①A 夫婦それぞれが結婚前から有していた個人財産は、そのまま個人財産であり続ける。

①B 夫婦それぞれが結婚後に個人で取得した財産は、そのまま個人財産であり続ける。

 ①B 例)自分の親から相続した財産

②A 結婚後に夫が働いて得た給与賃金は、夫の名義になる。

②B 結婚後に妻が従事する家事労働は、無償となる。

②C 離婚時の財産分与にあたってはじめて、妻は、夫が結婚後に働いて得た給与賃金について、原則2分の1の価額を、受け取ることができる。

 ※ ②Cの趣旨。夫が結婚後に働いて得た給与賃金(②A)は、妻の無償家事労働(②B)があってはじめて得ることができた財産である。従って、夫の名義ではあっても、実質は夫婦の共有財産であったものとして扱う。

③ 夫が妻よりも先に死亡した場合、妻は、夫の①ABと②Aとを合算した金額(つまり遺産総額)から、原則2分の1以上の価額を、受け取ることができる。

③補足 妻が夫よりも先に死亡した場合には、妻は、②Cに当たる財産も、③に当たる財産も、何も得ることができない。妻の家事労働については、生涯無償、ということになる。

2 問題状況

 上記1の各項目から考えて、専業主婦は、その活動について、下記の制約を受けることになっているようです。
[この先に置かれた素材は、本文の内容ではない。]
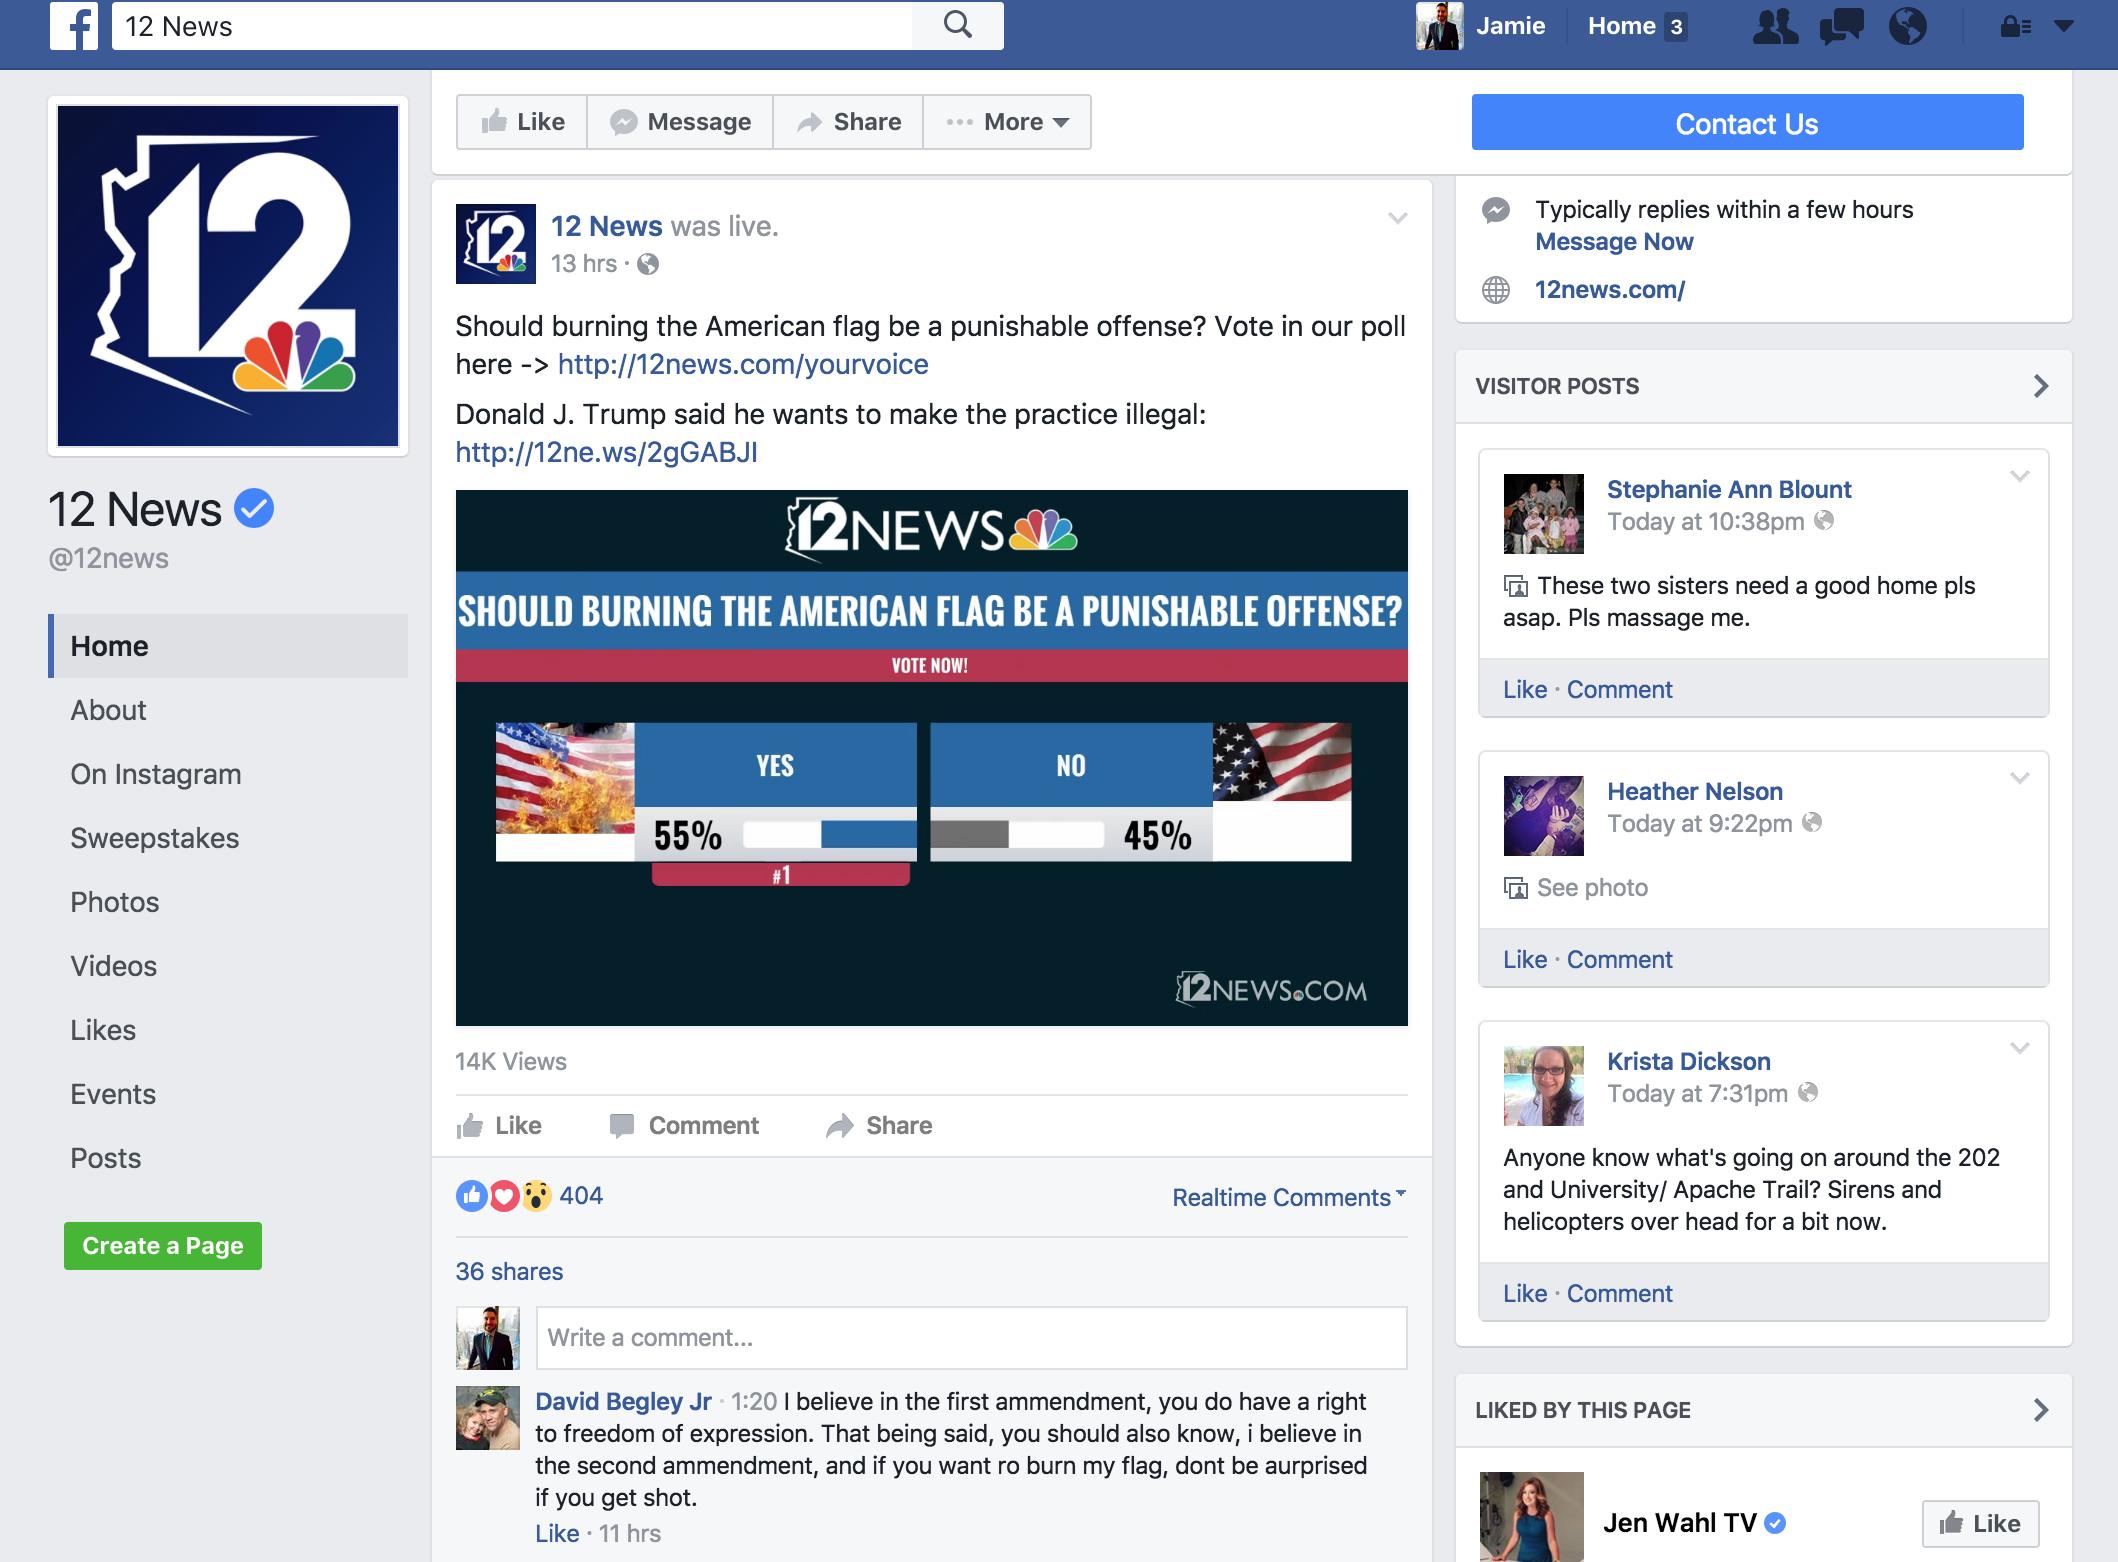 Phoenix's KPNX/12News runs a long-term poll on Facebook Live.

・ 自分の自由に使えるお金が増えていかない(②A・②B)

・ 離婚が成立して、財産分与が成立するまで、自分の家事労働に対する報酬を受けることができない(②C)

 ※ それまでの生活資金を、どのように工面するのか、ということも、問題になるでしょう。

・ 結婚生活を維持した場合、夫が死亡するほど高年齢化するまで、自分の労働に対する報酬を受けることができない(③)

・ 自分が夫よりも先に死亡した場合には、最後まで、自分の労働に対する報酬を受けることができない(③補足)

 個人的に、更に下記2点を補足します。

・ 子育てしながらの勤務継続の難しさ ⇒ 専業主婦になる方向へ

・ 子育てしながらの再就職の難しさ ⇒ 専業主婦になる方向へ

3 夫婦共有財産制度

 1970年代、民法改正提案において、夫婦共有財産制度の導入が、話題に上ったことがあったそうです。
 「様々な立法的な手当てが必要となるため、この方針は断念された」。
 どのような制度だったのでしょうか。現行制度のなかでも、同様の財産関係を、個別の夫婦の間での合意によって、築くことはできないでしょうか。個人的に興味深い問題です。

 以上、「専業主婦の財産制度」をテーマとした、覚え書きでした。

 ※ なお、また別な問題として、これら2冊においては、「扶養制度」について、その内容、そして家族法の体系のなかでの位置づけの不明確さに関しても、指摘がありました。
 この指摘に関連して、個人的に、いままで、成年後見業務において、扶養制度と成年後見制度との関係について、悩ましい問題の出てくることが、ままありましたので、今回の読書を通じて、扶養制度について学習する必要を、あらためて感じました。